# Who constructed these buildings in China?



## VincentFreeman (Feb 23, 2022)

In China, there is a royal garden called Yuanmingyuan (Old Summer Palace - Wikipedia) in Beijing. According to the narrative in Chinese, it was built with combination of both Chinese and Western style, and was looted and burnt by the British and French troops for 3 days and 3 nights in 1860.

Here is a picture of what it's imagined to be like (computer generated, a part of the garden):




​And here is what it looks like nowadays:




I've also found some old pictures, which is said to be taken by some German guy in 1873, 13 years after it was burnt.



 

 



 

 


My questions are:
1. In those BW photos, everything looks grand and Western, nothing seems to be Chinese style or even combination of Chinese and Western, like the imagined picture.
2. How come those grand buildings, even just ruins, don't exist any more today? Unless you bomb it or deliberately shatter it, I don't think those can just fall down easily.
3. Who could have built those buildings? They'd say the royal families hired some Western architects to design those and then had local Chinese built those, is that possible? I mean, looking at those Chinese people of this era, in late Qing dynasty... most look very malnourished and extremely poor. Even the officials' families don't look anything that great, and that's supposed to be the rich ruling class. I have a hard time imaging those people or their grandparents built those old ruins.
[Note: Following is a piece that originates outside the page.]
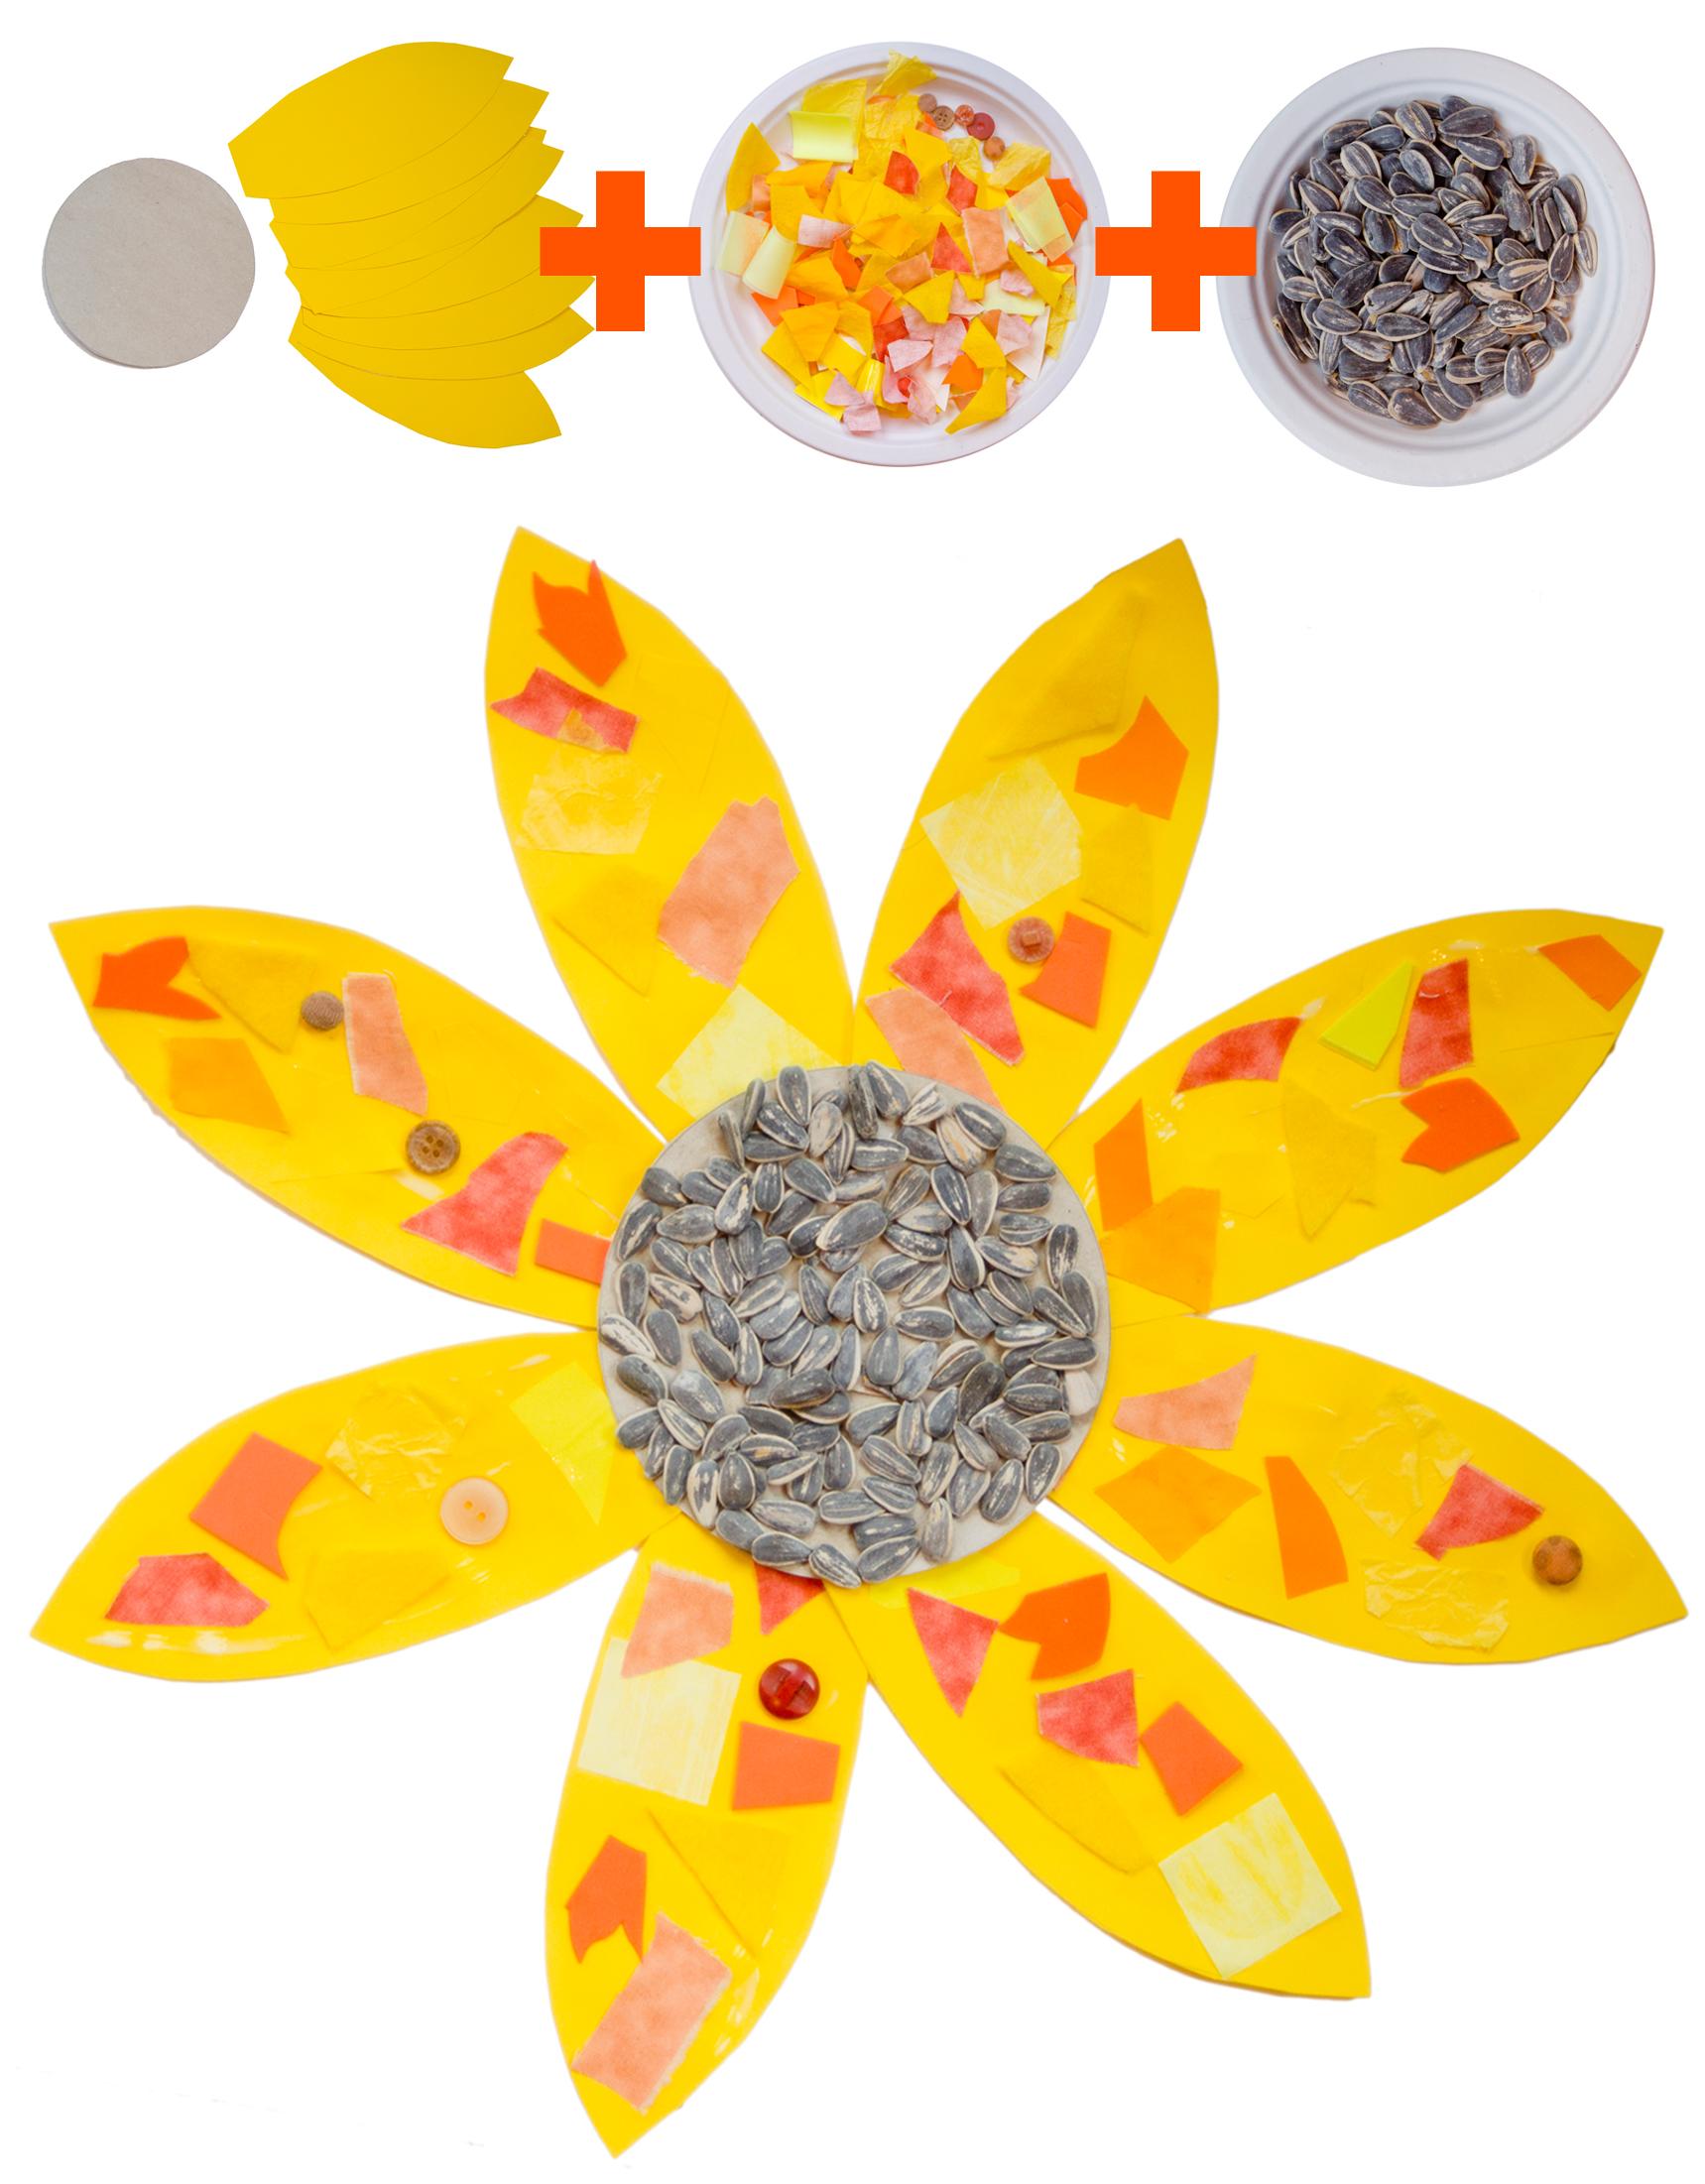 Van Gogh S Sunflower Collage Version For Preschoolers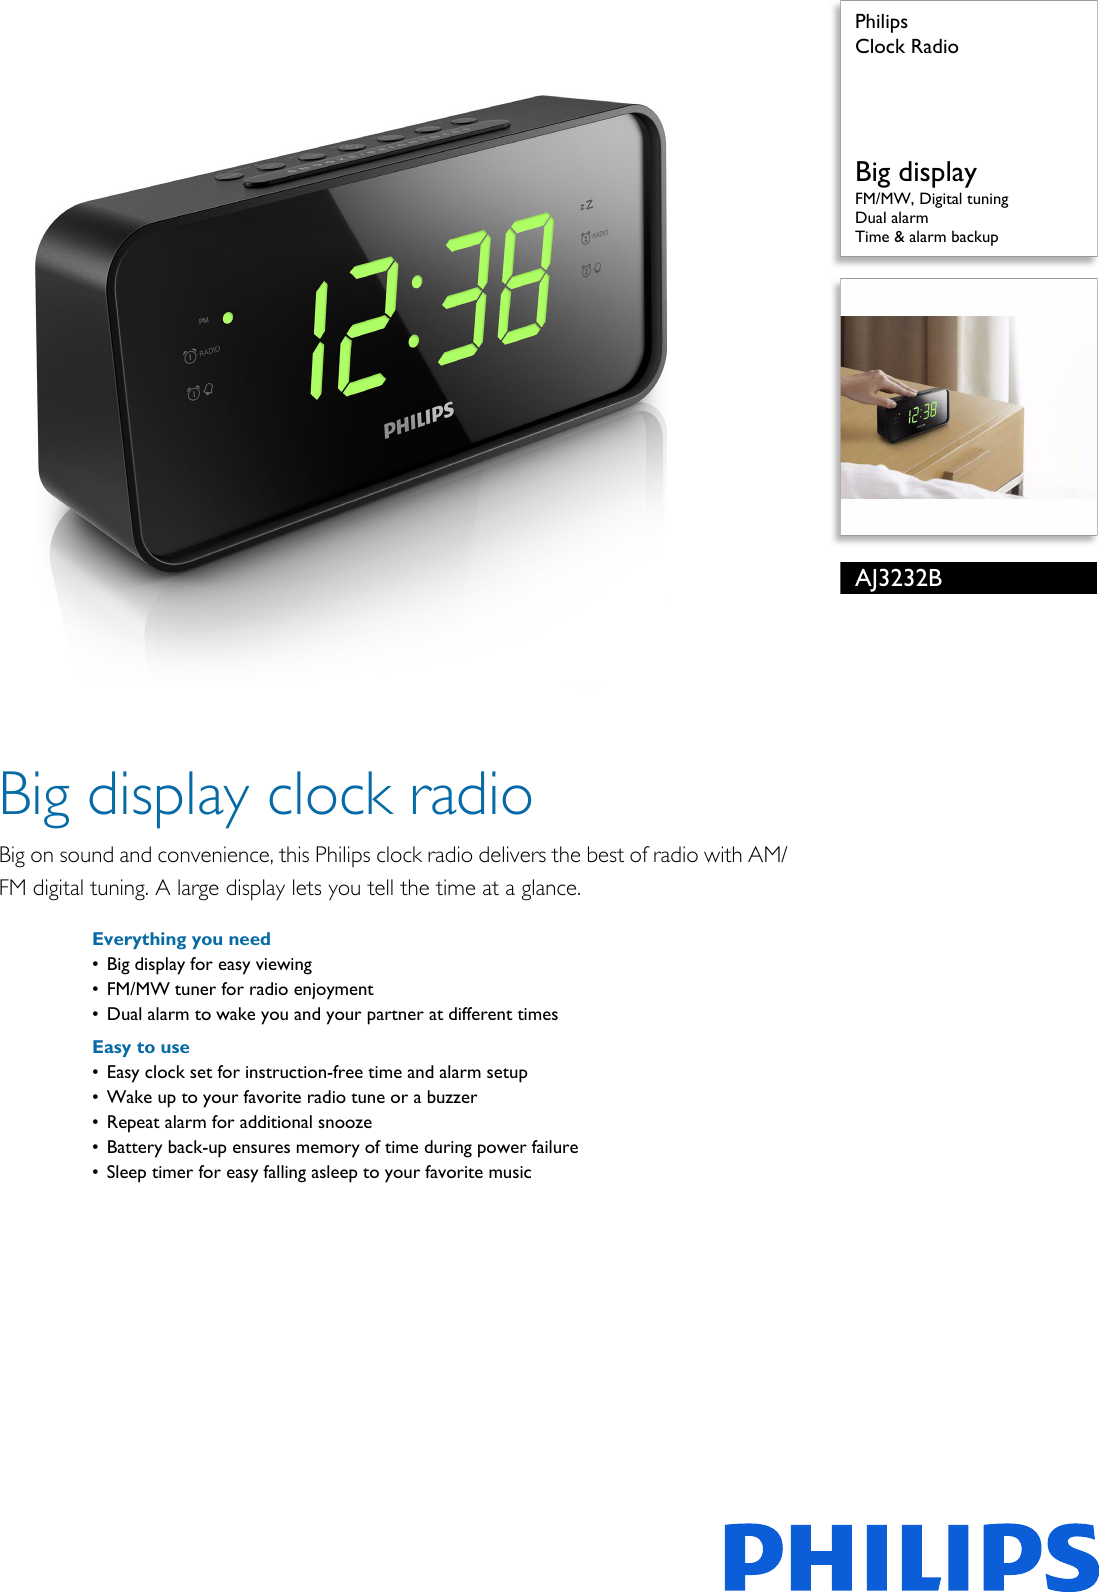 Philips Aj3232b 79 Clock Radio User Manual Leaflet Pss Engau Kit Digital Fm Display Frequensi Counter Untuk Tuner

I would really appreciate some of your thoughts.

The ordinary class?






the middle class with servants?




middle class' own business, foreign trade?




the rich ruling class with wife and concubines?


----------



## VincentFreeman (Feb 23, 2022)

Qingdao in China is a city full of "German style" buildings. It was said Germans took it over and ruled from 1897 to 1914 until Japanese took it over from the Germans. When Germans came, it was just a small fish village of 20,000 of people. However, within short 17 years, they not only built impressive churches and large buildings, but also built excellent underground sewage system that worked better than anything new today.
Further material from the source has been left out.